Another understudied issue related to apathy in AD is whether apathy is due to AD pathology or due to microvascular structural damages and cerebrovascular disease. Studies using T2 FLAIR to examine white matter lesions (WML) or white matter hyperintensities (WMH) have partly addressed this question [91,92,93,94]. One large study (n = 651) found that focal grey matter atrophy and WMH burden were associated with worsening neuropsychiatric symptoms (NPS) including apathy over time in MCI and AD, with WMH having the greater contribution to NPS [92]. Increased number of vascular risk factors worsened affective NPS. This and other studies examining WMH [87,88,89,90] are generally in agreement that worsening cerebrovascular disease contributes to the presence of apathy in AD.

Other methodological issues in current neuroimaging studies in apathy

Many neuroimaging studies have used small sample sizes and did not control for general levels of disease severity. This holds true particularly for PET and SPECT studies but was also the case for early sMRI studies as well. In these small-sample studies, one should be concerned about embracing any notions of causality. In addition, prespecified region-of-interest (ROI) analyses often predominate rather than atheoretical whole-brain studies. One caution with such “hypothesis-driven” approaches is creation of a bias in the literature that could lead to the perception of a well-established consistent association between apathy and one or more specific regions. More multi-modality studies using state-of-art data analyses methods will reduce this hypotheses-driven induced bias in the literature.

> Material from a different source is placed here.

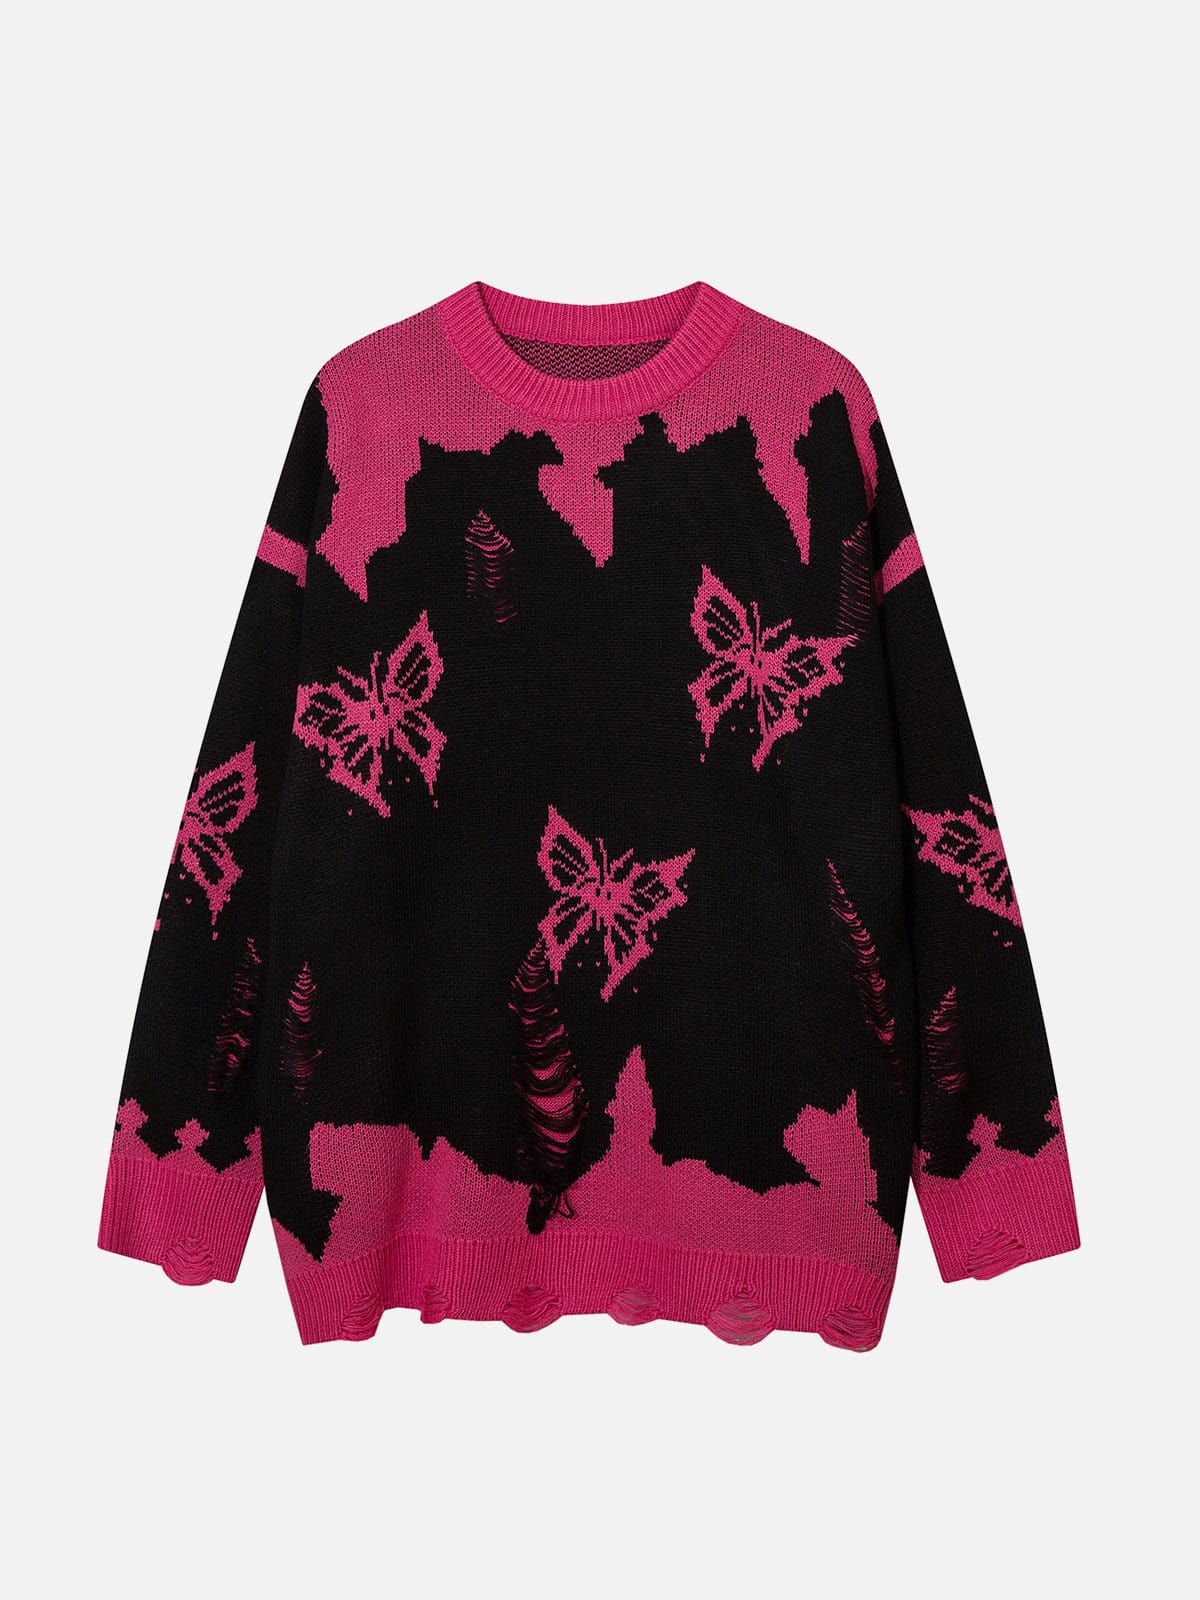 NEV Butterfly Jacquard Distressed Sweater

Conclusions and future directions

Apathy is a common and complex condition that clinically occurs alone but more frequently in the context of a variety of neuropsychiatric disorders. It is often found accompanied by executive dysfunction. While there are no FDA-approved pharmacological treatments for apathy, there is a mixed literature with some support for use of methylphenidate, SSRIs and cholinesterase inhibitors for apathy when it occurs in certain conditions. Repetitive TMS may hold promise as a treatment. The underlying pathophysiology is linked to pro-inflammatory processes that affect key regions of the brain, especially the frontostriatal circuits. Neuroimaging studies have helped identify possible biomarkers of apathy, but inconsistent findings may result from heterogeneity of expression of apathy (i.e., variability in which symptoms predominate), presence of comorbid neuropsychiatric disorders in which apathy is common, a spectrum of severity of cognitive function, and a variety of sociodemographic factors.

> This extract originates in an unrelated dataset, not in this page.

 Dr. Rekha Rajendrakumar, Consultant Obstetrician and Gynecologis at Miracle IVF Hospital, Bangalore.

Future research should focus on identifying underlying processes and brain circuitry related to apathy across a variety of conditions, especially in depression and Alzheimer’s disease and related dementias. Such studies will help elucidate the heterogeneity of apathy and point to more tailored treatments. As potential candidate interventions are identified, subsequent clinical trials will need to account for confounding factors such as mood and cognition, and the presence of psychomotor slowing or parkinsonism [95].